Take the lines from the one containing "1880er Jahre antike" through the final line below and restate them exactly. Omit the pictures.

◆ INFORMATION SUPPLIED ◆
========================================================================

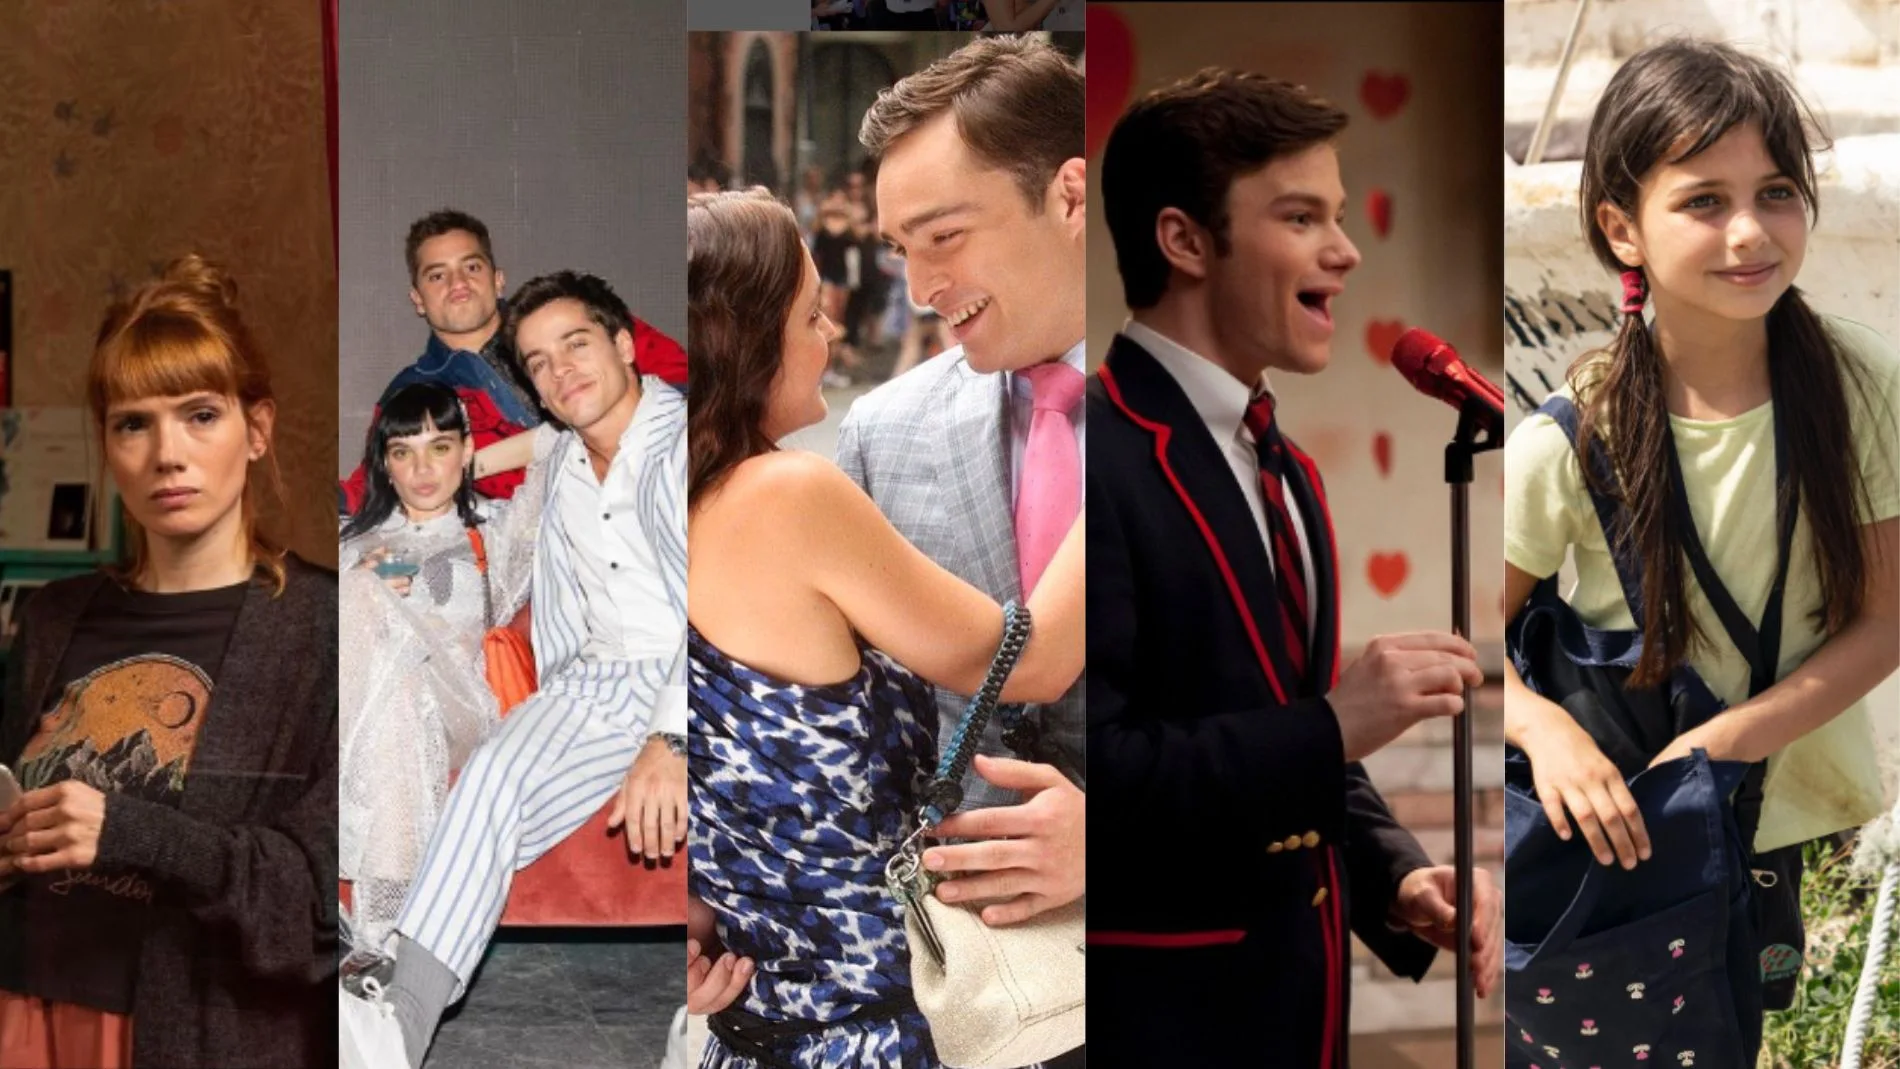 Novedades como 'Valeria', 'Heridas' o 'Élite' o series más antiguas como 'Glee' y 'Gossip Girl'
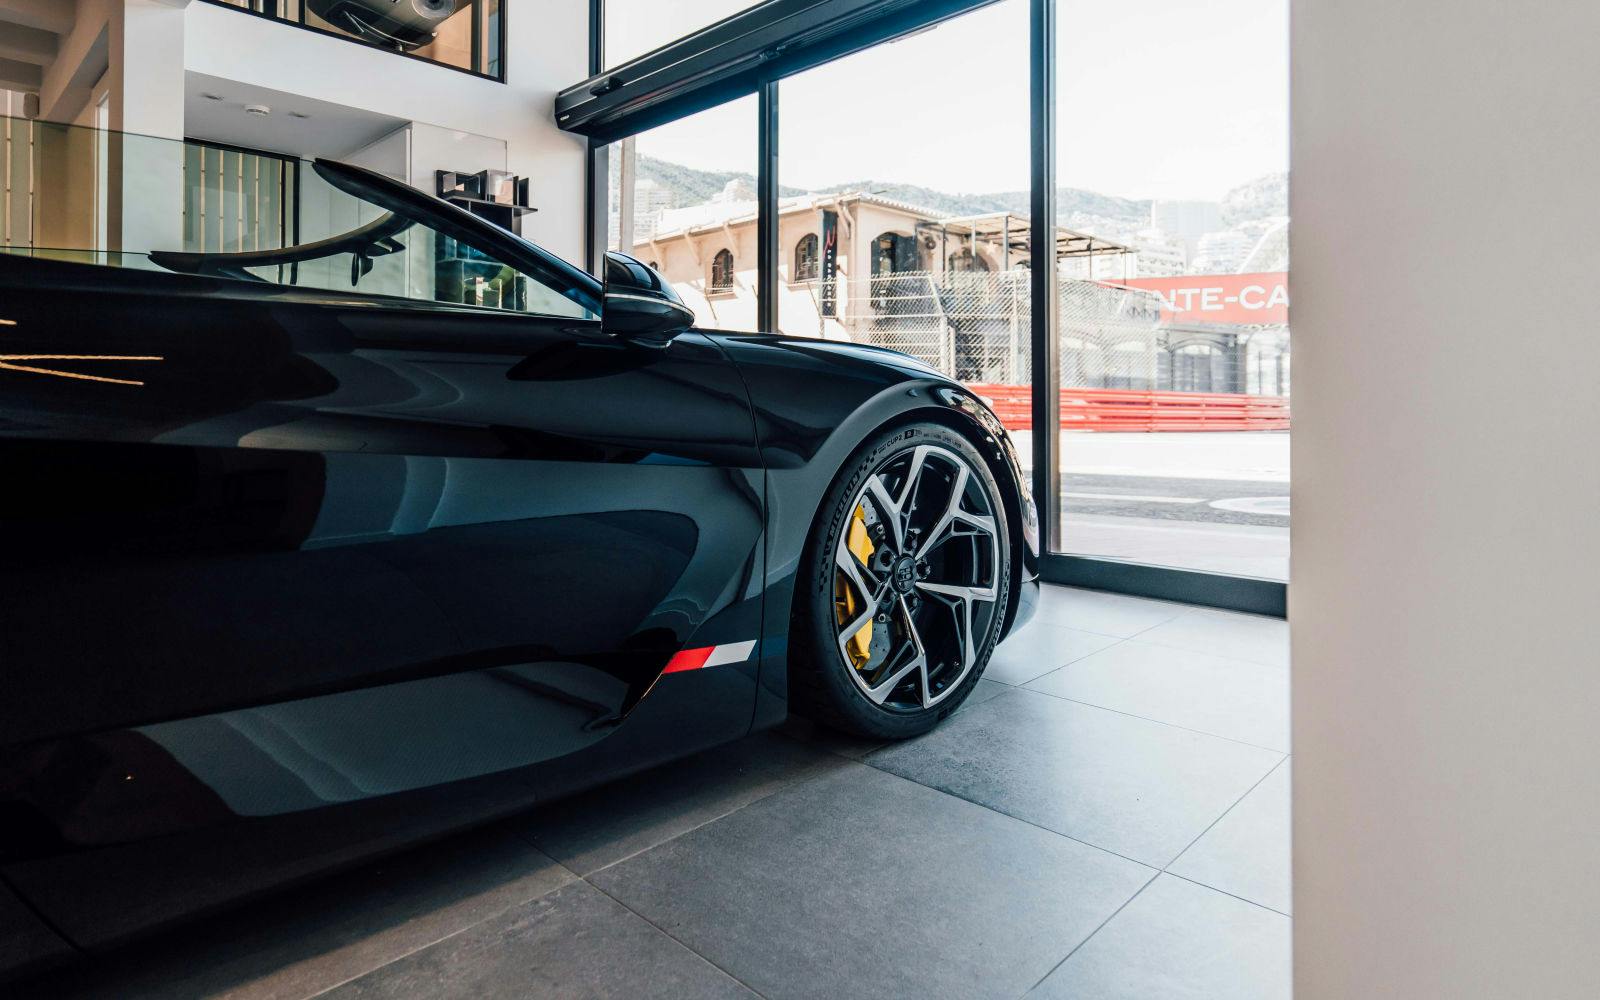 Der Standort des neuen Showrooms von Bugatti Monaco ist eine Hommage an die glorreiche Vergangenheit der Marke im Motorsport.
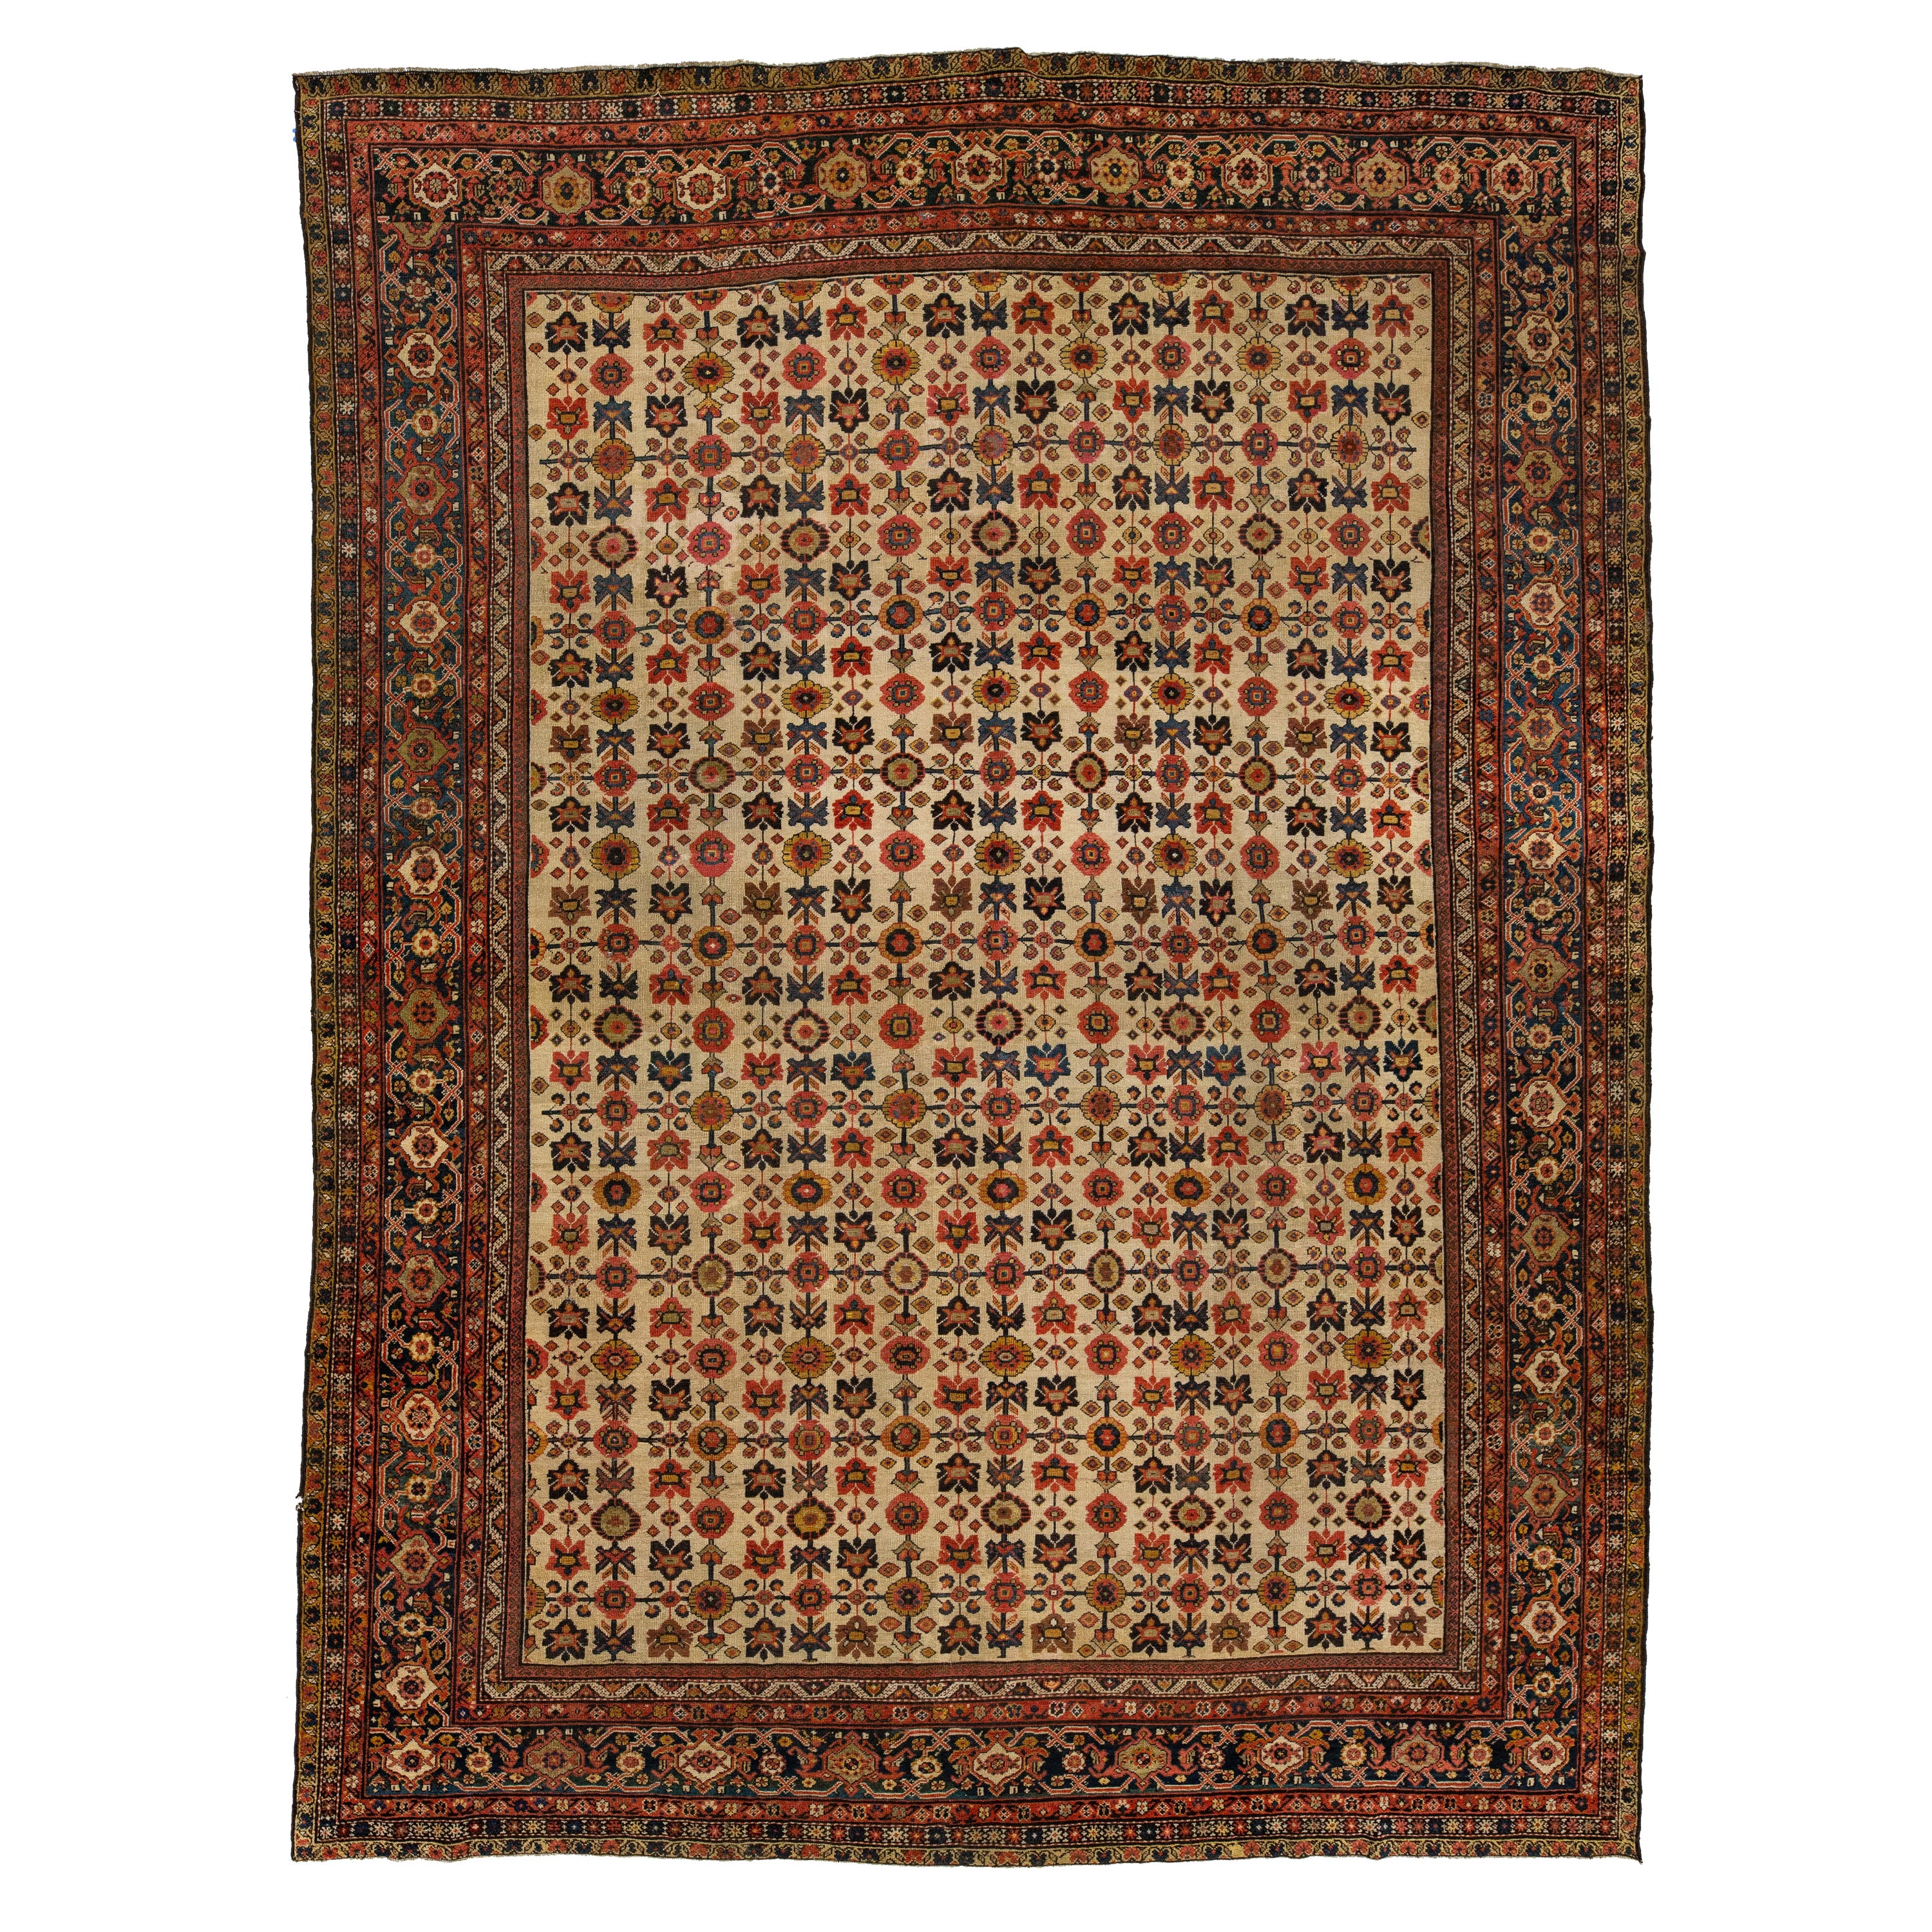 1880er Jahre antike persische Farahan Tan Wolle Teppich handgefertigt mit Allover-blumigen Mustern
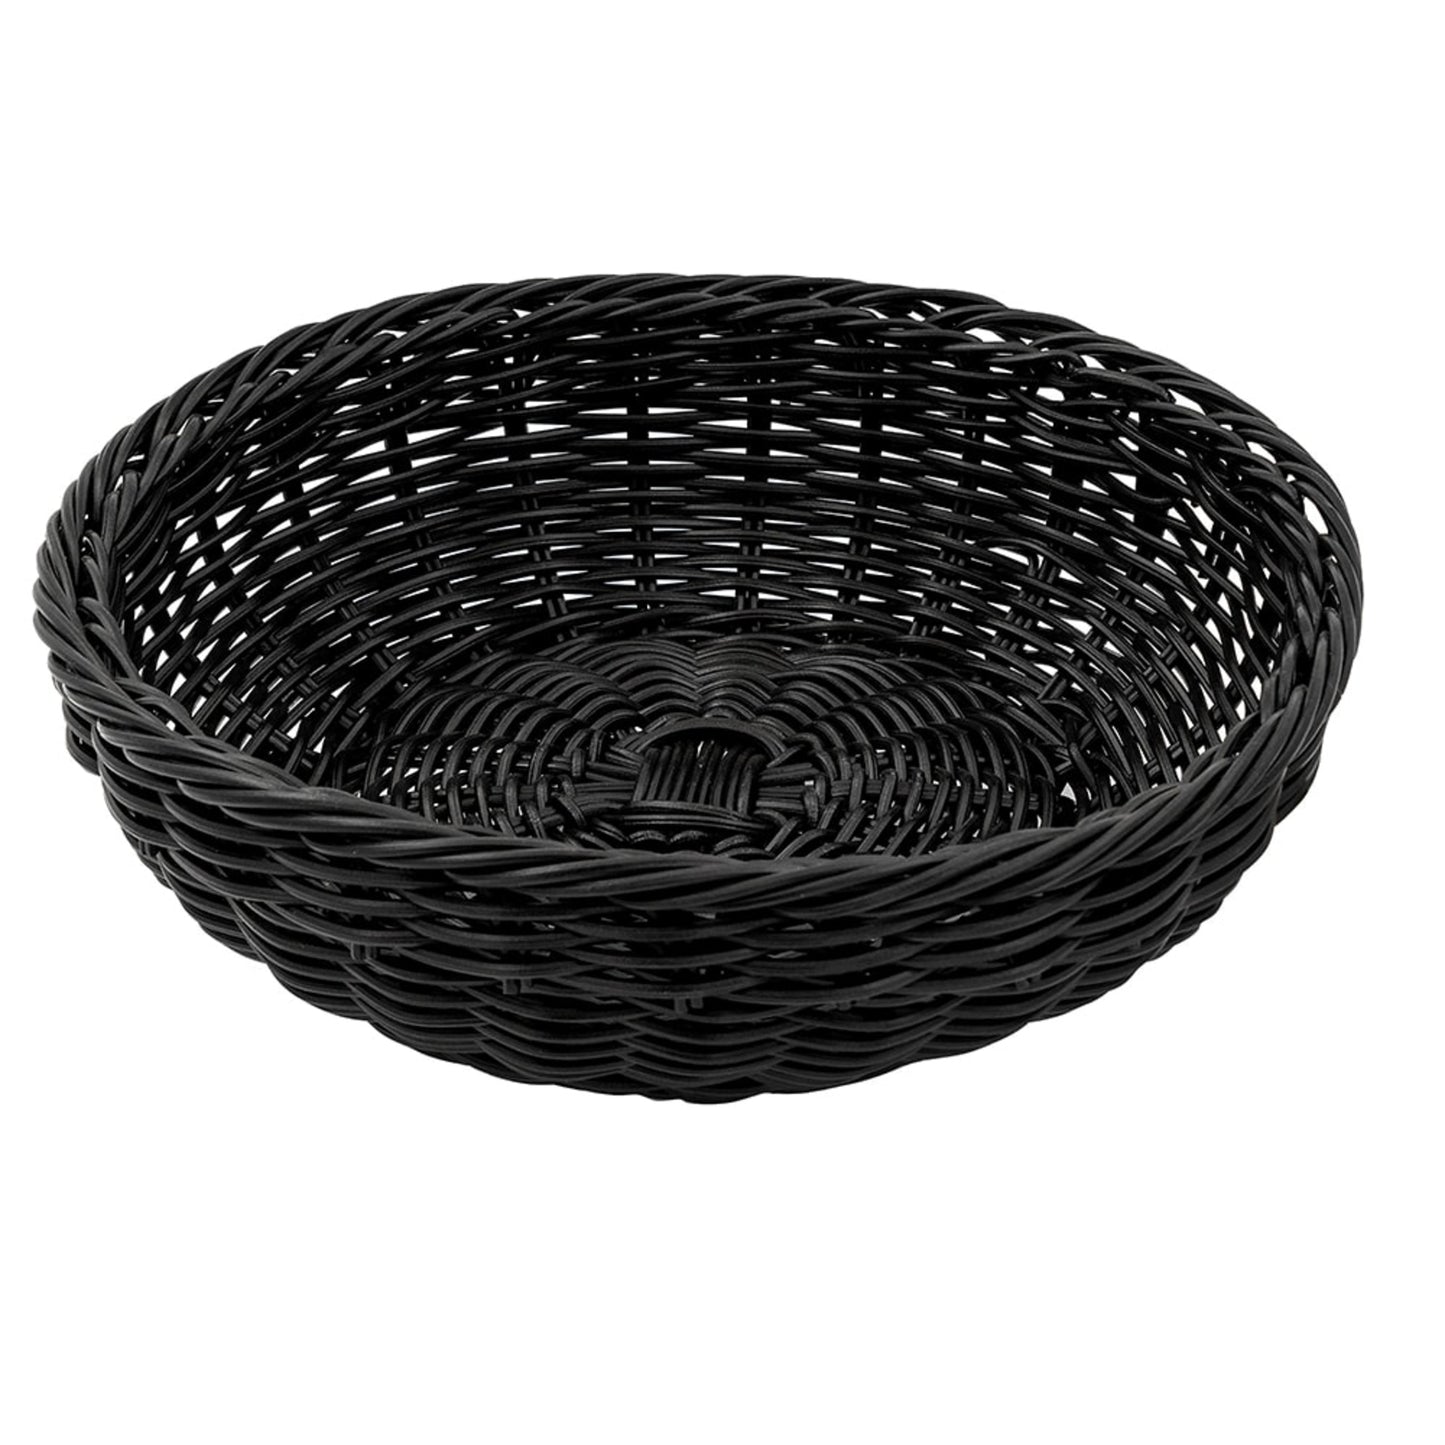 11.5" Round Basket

========================================================================

◆ SOLVED PROBLEM ◆
 1880er Jahre antike persische Farahan Tan Wolle Teppich handgefertigt mit Allover-blumigen Mustern
 11.5" Round Basket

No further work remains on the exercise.